For demonstration, I'll create a bunch of objects with expiration
dates::
>>> from collections import namedtuple
>>> from datetime import datetime
>>> Item = namedtuple('Item', 'name expiration')
>>> items = [Item(1, datetime(2012, 1, 1)),
... Item(2, datetime(2014, 1, 3)),
... Item(3, datetime(2014, 2, 1)),
... Item(4, datetime(2014, 2, 2)),
... Item(4, datetime(2014, 7, 1)),
... Item(5, datetime(2014, 7, 25, 8, 0)),
... Item(6, datetime(2014, 7, 25, 9, 0)),
... Item(7, datetime(2014, 7, 25, 10, 0)),
... ]
And now, we find which ones have expired::
>>> from operator import attrgetter
>>> for item, criterion in expiration.find_expired_items(items, attrgetter('expiration'),
... expiration_rules,
... asof_timestamp=datetime(2014, 8, 1)):
... print(item)
Item(name=4, expiration=datetime.datetime(2014, 2, 2, 0, 0))
This shows that under these rules, item 4 is the only one that would
be deleted.
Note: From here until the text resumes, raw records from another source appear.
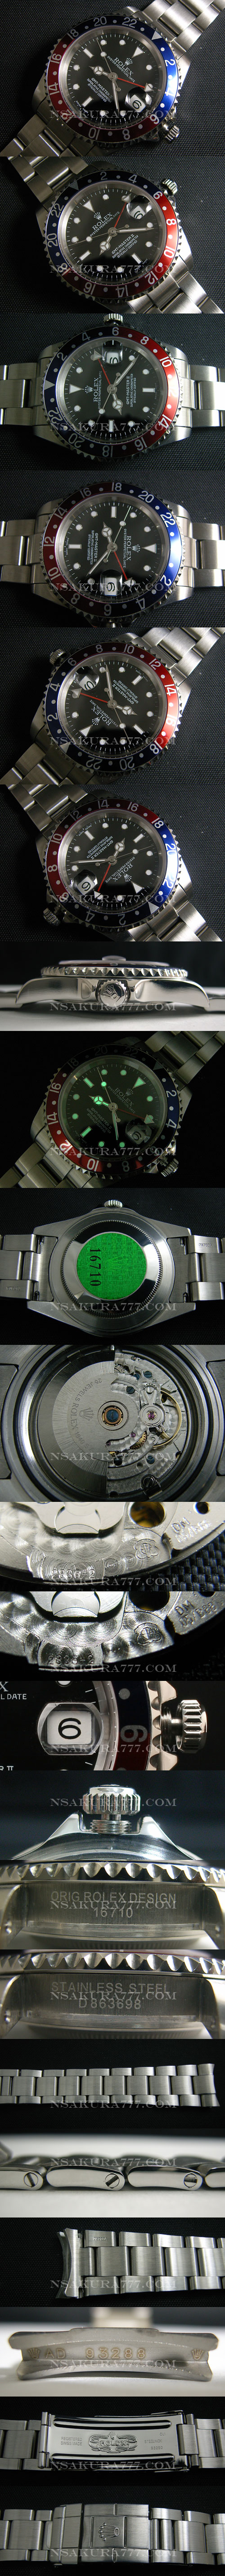 レプリカ時計ロレックス GMT マスター最新改良白2836-2搭載 - ウインドウを閉じる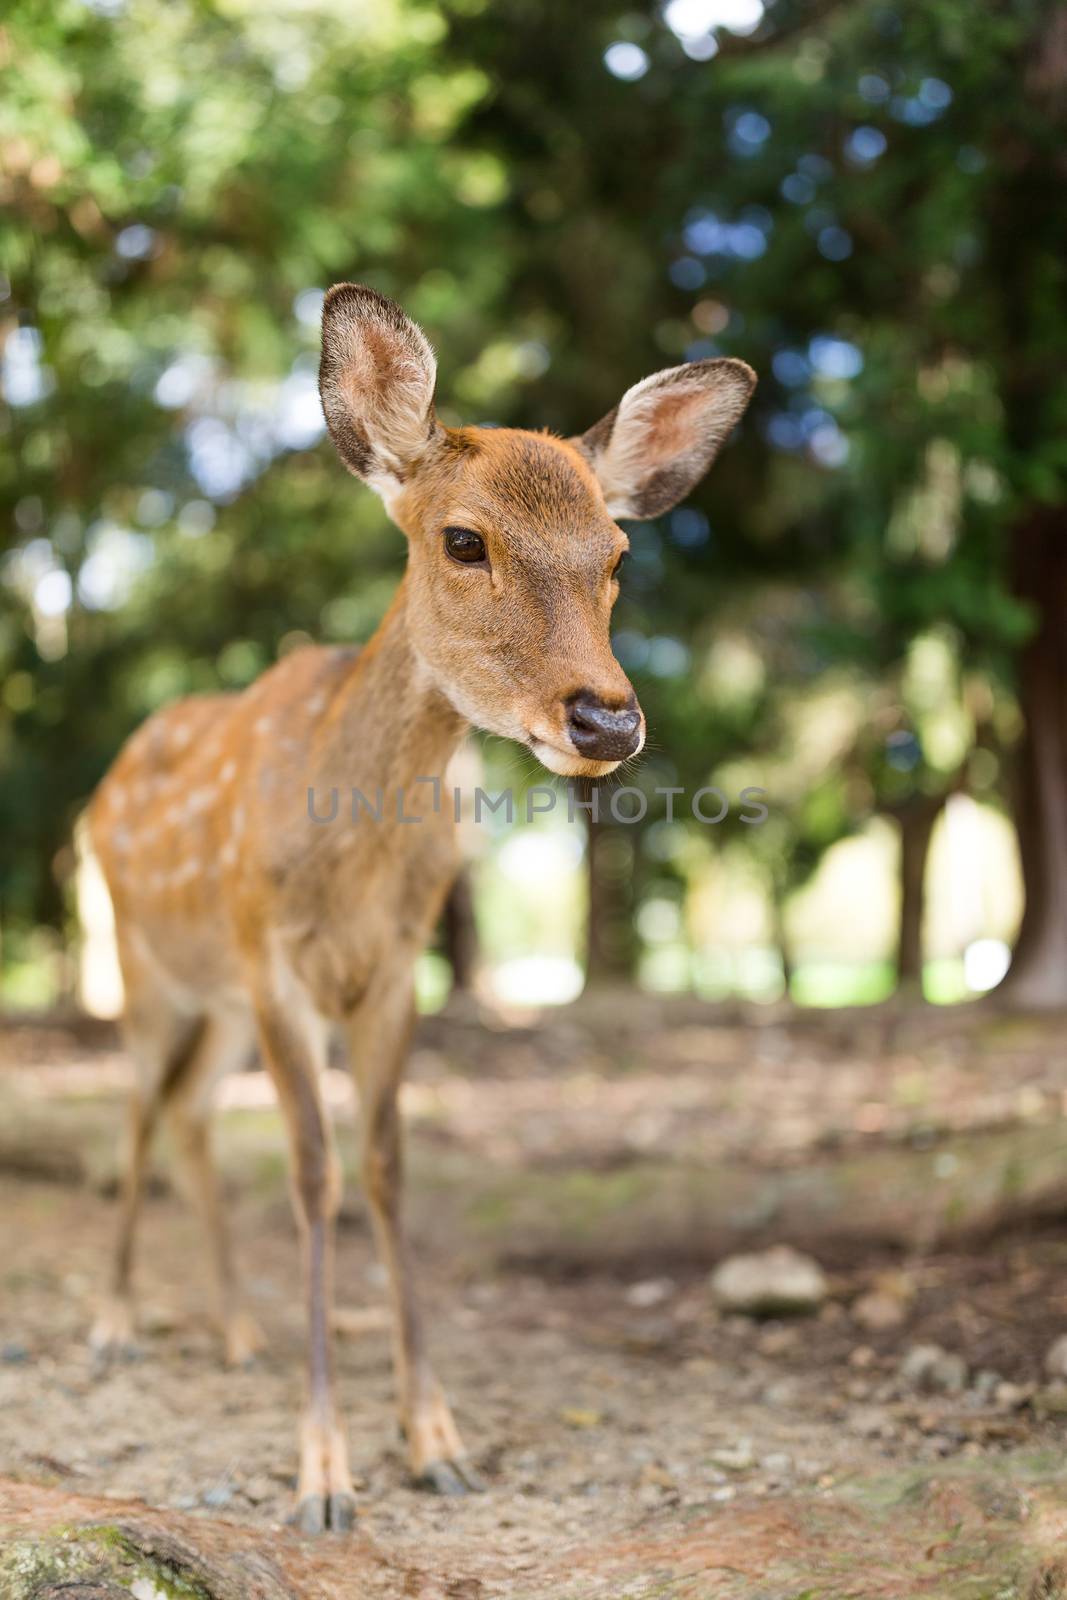 Cute little deer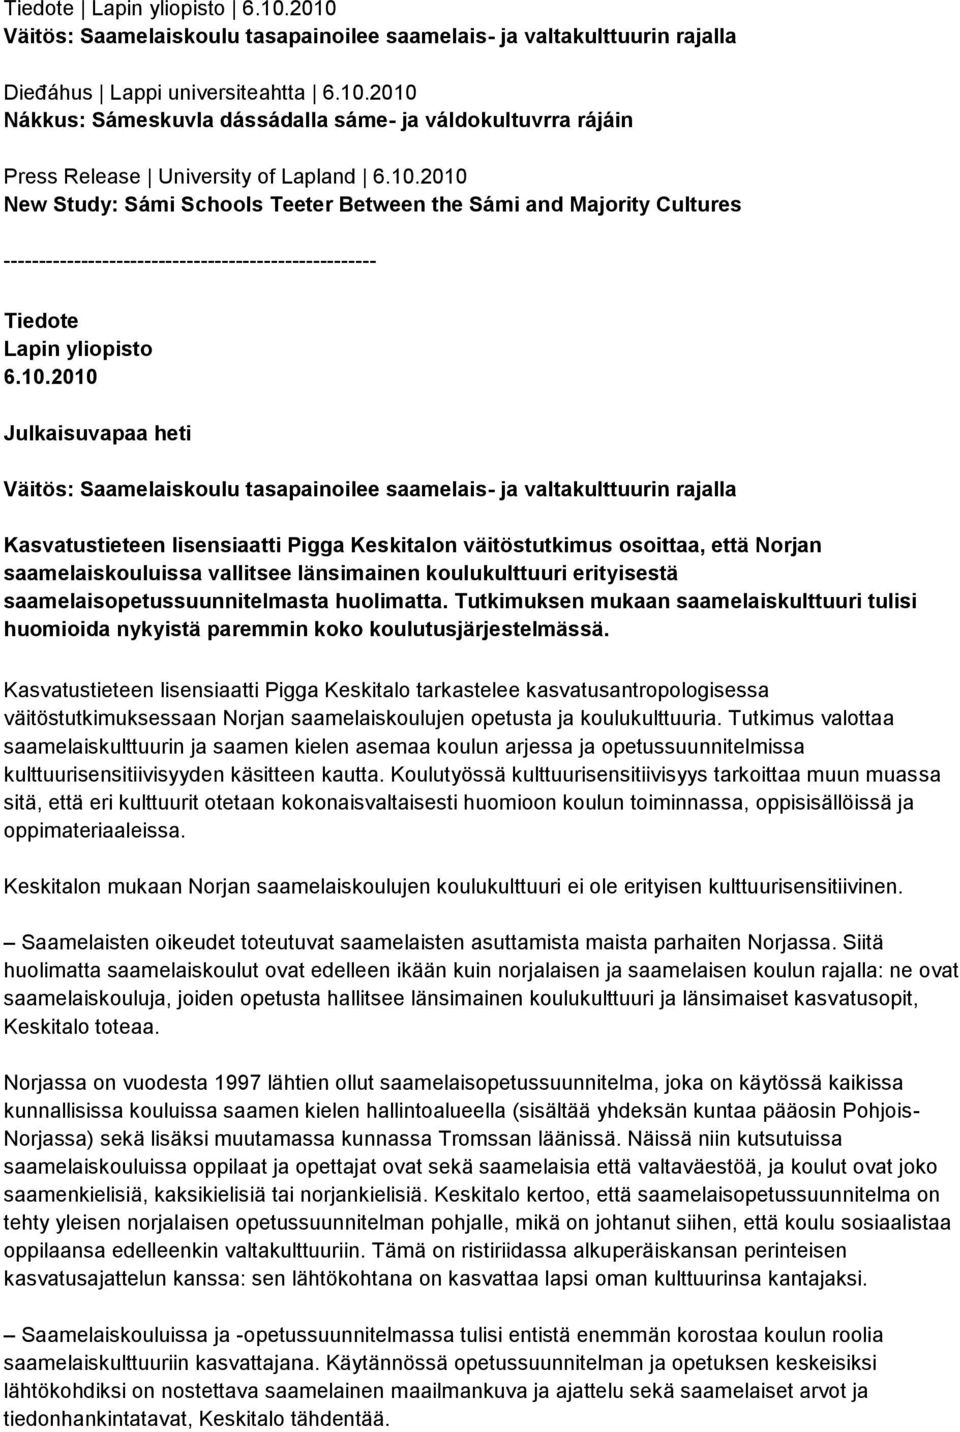 Saamelaiskoulu tasapainoilee saamelais- ja valtakulttuurin rajalla Kasvatustieteen lisensiaatti Pigga Keskitalon väitöstutkimus osoittaa, että Norjan saamelaiskouluissa vallitsee länsimainen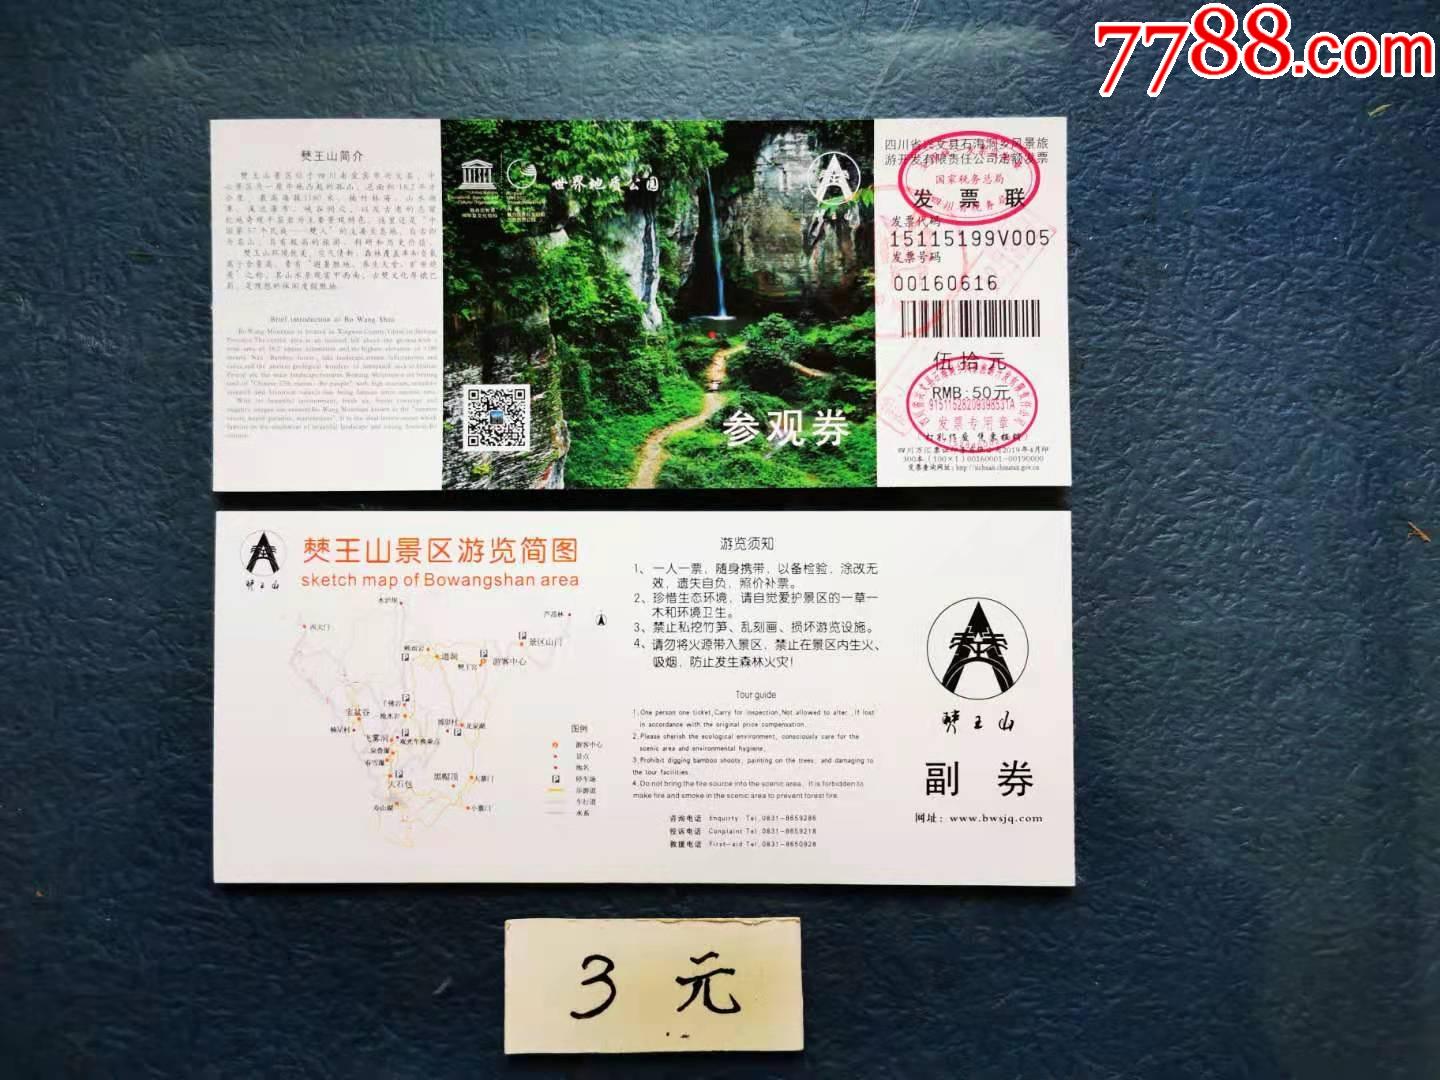 僰王山世界地质公园-价格:3元-se78894417-旅游景点门票-零售-7788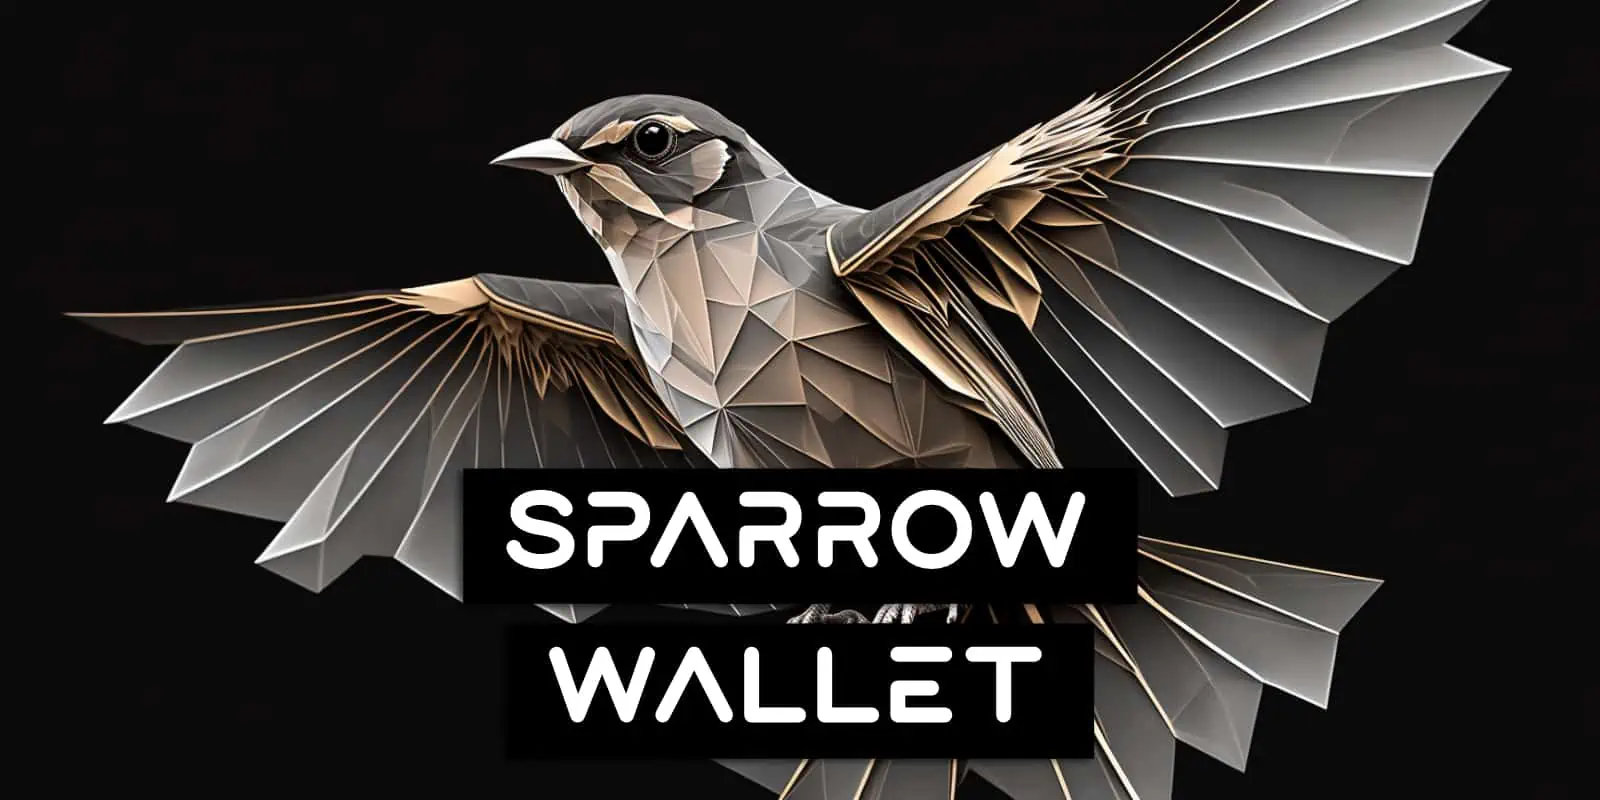 Sparrow Wallet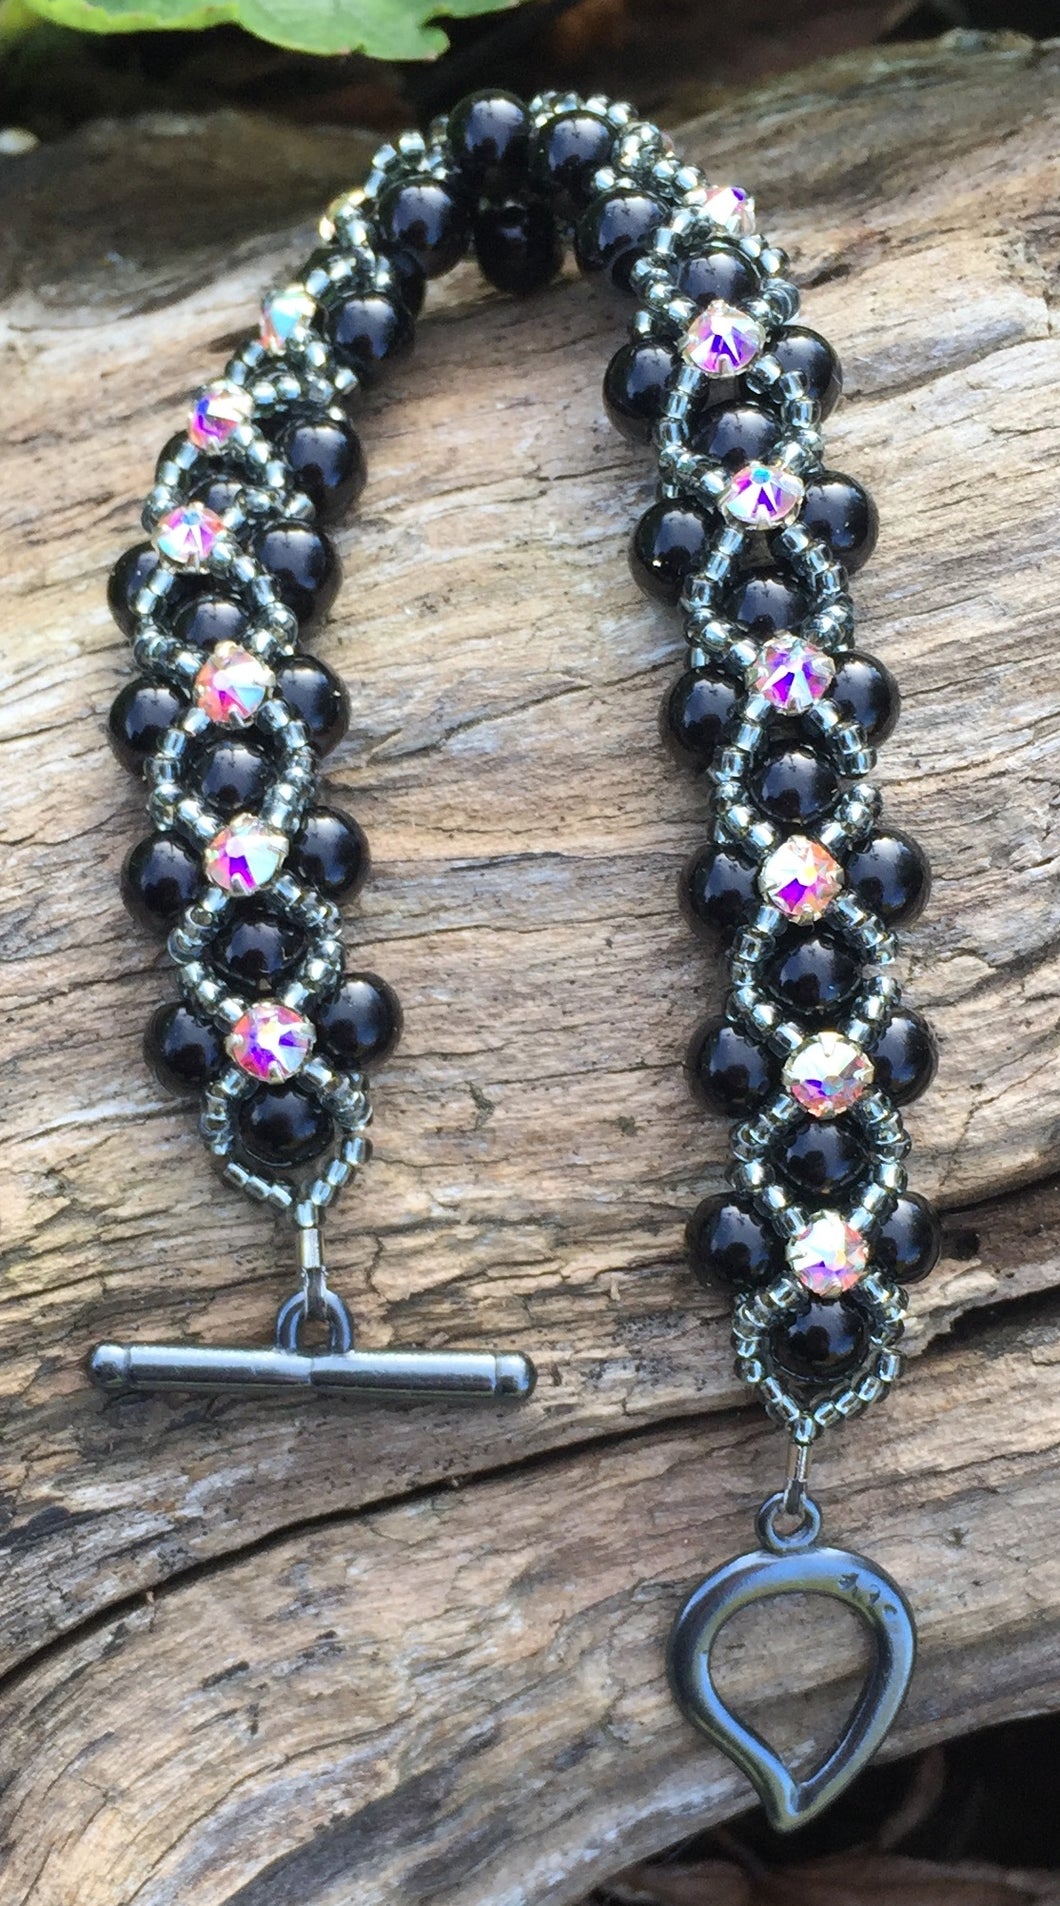 This striking Black glass Pearl and Dark Gray Seed Bead Montee bracelet measures 7 1/8

It's not the first one in a month and it's more than 3
months old, so it's due to be expired.
If, instead, we ask what items have expired as of January 1, 2020::
>>> for item, criterion in expiration.find_expired_items(items, attrgetter('expiration'),
... expiration_rules,
... asof_timestamp=datetime(2020, 1, 1)):
... print(item)
Item(name=3, expiration=datetime.datetime(2014, 2, 1, 0, 0))
Item(name=4, expiration=datetime.datetime(2014, 2, 2, 0, 0))
Item(name=4, expiration=datetime.datetime(2014, 7, 1, 0, 0))
Item(name=5, expiration=datetime.datetime(2014, 7, 25, 8, 0))
Item(name=6, expiration=datetime.datetime(2014, 7, 25, 9, 0))
Item(name=7, expiration=datetime.datetime(2014, 7, 25, 10, 0))
The only items that would be kept are 1 and 2, since they're the first
items at the start of each year, which has an infinite expiration
time.
Limitations
===========
Because `find_expired_items` only compares one item at a time to the
rules, it can effectively only implement "first of" rules. That is,
apply a criterion to the first backup of the year, or the first one of
the month, etc. It cannot currently implement rules like "keep the
second backup of the month". If you did delete the first backup and
kept the second one, then the next time `find_expired_items` ran, it
would see what used to be the second item as now being the first one.
Change log
==========
1.0 2016-10-27 Eric V. Smith
----------------------------
* Always require setuptools (issue #1).
* Remove hack to modify RPM name (issue #2).
* No code changes.
0.1 2014-12-15 Eric V. Smith
----------------------------
* Initial release.